(Records from a dataset)

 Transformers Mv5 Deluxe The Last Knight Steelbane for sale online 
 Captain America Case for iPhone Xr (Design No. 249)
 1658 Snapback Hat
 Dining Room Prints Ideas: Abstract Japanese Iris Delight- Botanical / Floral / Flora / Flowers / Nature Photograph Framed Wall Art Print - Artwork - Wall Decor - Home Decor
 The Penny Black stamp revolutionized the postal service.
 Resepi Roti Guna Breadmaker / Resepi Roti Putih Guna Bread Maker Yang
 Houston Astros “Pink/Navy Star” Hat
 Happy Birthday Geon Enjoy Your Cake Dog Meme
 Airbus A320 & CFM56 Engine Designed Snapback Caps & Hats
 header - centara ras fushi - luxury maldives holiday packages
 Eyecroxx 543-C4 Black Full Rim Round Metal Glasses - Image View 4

▸ **Work item**
Each record above needs to be given again exactly as written.

▸ **Answer section**
 Transformers Mv5 Deluxe The Last Knight Steelbane for sale online 
 Captain America Case for iPhone Xr (Design No. 249)
 1658 Snapback Hat
 Dining Room Prints Ideas: Abstract Japanese Iris Delight- Botanical / Floral / Flora / Flowers / Nature Photograph Framed Wall Art Print - Artwork - Wall Decor - Home Decor
 The Penny Black stamp revolutionized the postal service.
 Resepi Roti Guna Breadmaker / Resepi Roti Putih Guna Bread Maker Yang
 Houston Astros “Pink/Navy Star” Hat
 Happy Birthday Geon Enjoy Your Cake Dog Meme
 Airbus A320 & CFM56 Engine Designed Snapback Caps & Hats
 header - centara ras fushi - luxury maldives holiday packages
 Eyecroxx 543-C4 Black Full Rim Round Metal Glasses - Image View 4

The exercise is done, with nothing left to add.